Sunday, February 21, 2010

Good Morning,,Friends ans neighbors.... We still got snoe on the ground..
It's usally gone by now.... Summerld and Snowman sent the snow
down to us..... We owe ya.... payback is a dog......


Still goes lot on the ground.....

Ny cats don't like it ether, cold on their feet....

Good lookin pups.....

Okay, Okay I'm opening the can now!!

Oh, My....Bubba...dom't shoot...I give up....

Now..thats cool.......

No, no, Hoopie....that's jail time...

Wake up!! your stop was 3 blocks back....

Ninja cat?..I still don't like hairless cats.....
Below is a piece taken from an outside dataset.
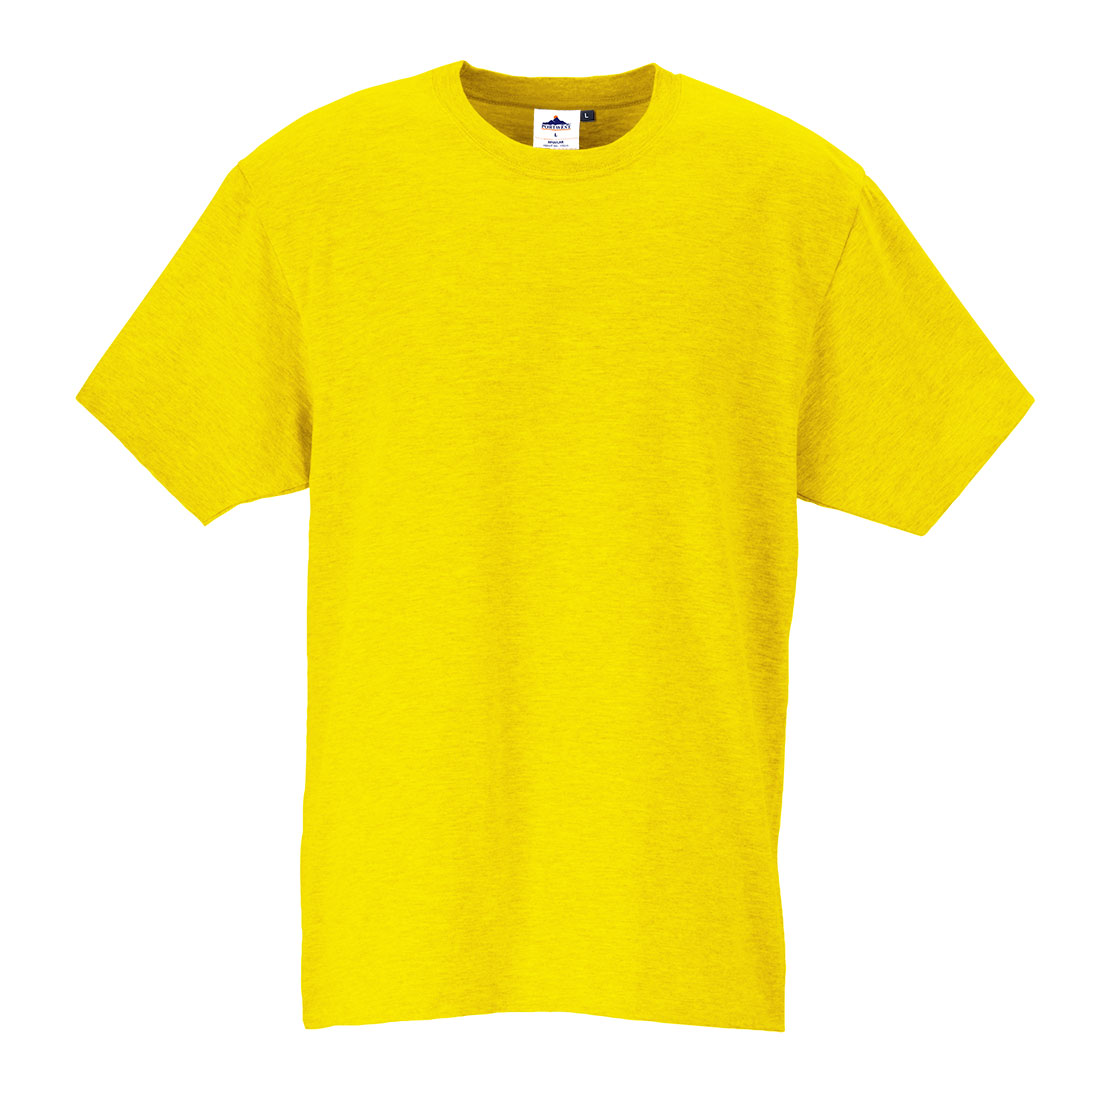 Turin Premium T-Shirt - Yellow

No, SIR....No problem...I'm leaving..Sir.
♥♥♥
~~ When filing your income tax remember that it is better to give than to deceive..

☺ 
~~ When Rod's wife ran away he got so depressed that his doctor
sent him to see a psychiatrist.
Rod told the psychiatrist his troubles and said, "Life isn't worth living."
"Don't be stupid, Rod," said the psychiatrist.
"Let work be your salvation.
I want you to totally submerge yourself in your work.
Now, What do you do for a living?"
"I clean out septic tanks." Rod replied.


~~ A man was sued by a woman for defamation of character.
She charged that he had called her a pig.
The man was found guilty and fined.
After the trial he asked the judge, Does this mean that I cannot call
Mrs. Johnson a pig?"
The judge said that was true.
"Does this mean I cannot call a pig, 'Mrs. Johnson'?" the man asked.
The judge replied that he could indeed call a pig 'Mrs. Johnson' with no
fear of legal action.
The man looked directly at Mrs. Johnson and said...
"Good afternoon, Mrs. Johnson!"


~~ red adair was unavailable, and there was a well fire that could not be
put out.
The secretary overhears the foremans conversations,
and says my brothers and his friends can put it out! no??
The foreman says, if your brother and his friends can put it out,
I'll pay them a million dollars!
The next morning at dawn, a truck load of rednecks comes flying down
the dirt road leading to the well. the truck smashes into the well,
it temporarly stops spewing crude, and the rednecks get off the truck,
and start kicking dirt on it.
The fire is put out.
the foreman says to Jim-bob, that was amazing!!!
Heres your million bucks... what do you plan to do with it!!!
then Jim-bob says, well the first thing I plan to do is fix the brakes on
that damn truck!!!!


~~ While driving cross-country, a driver noticed a large sign above a
gas station.
It read, "State line 2 miles. Last chance for $1.92 cent gas."
The driver checked his gas gauge and decided to fill up.
"By the way," he said to the attendant before driving away,
"just how much is gas in the next state?"
"Oh," said the attendant, "about $1.80 cents a gallon."


~~ At the supermarket, I noticed a woman with four boys and a baby.
Her patience was wearing thin as the boys called out,
"Mommy! Mommy!" while she tried to shop.
Finally, she blurted out, "I don't want to hear the word mommy for at
least ten minutes!"
The boys fell silent for a few seconds.
Then one tugged on his mother's dress and said softly,
"Excuse me, miss."


~~ Q: What's the difference between a church and a movie theater?
A: In church they say, "Pray in the name of Jesus."
In a movie theater they say, "Shut up, for Christ's sake!"


~~ The teacher was trying to impress upon her pupils the importance
of doing right at all times, and to bring out the answer, "Bad habits,"
she inquired: "What is it that we find so easy to get into and so hard to
get out of?"
There was silence for a moment and then one little fellow answered "Bed."


~~ My wife I and are approaching our 76th birthdays, and for the
most part, we feel fine.
A few weeks ago we had just gotten into bed when I noticed my
wife taking an extra amount of time smoothing out her nightgown,
then pulling up the covers and smoothing them out, and then finally
going to work smoothing out her pillow.
After watching all this activity for a while, I finally asked,
"What are you doing?"
"Well," she replied, "I don't like to sleep on wrinkles."
I replied. "At our age, how can you avoid it?"


~~ PATIENT: Will you give me something for my head?
DOCTOR: I wouldn't take it as a gift.


Todays Thought;  To succeed in politics, it is often necessary to rise above your principles.










1 comment:

  1. Can't believe all the snow you have Gus!! My tulips are up about 4"!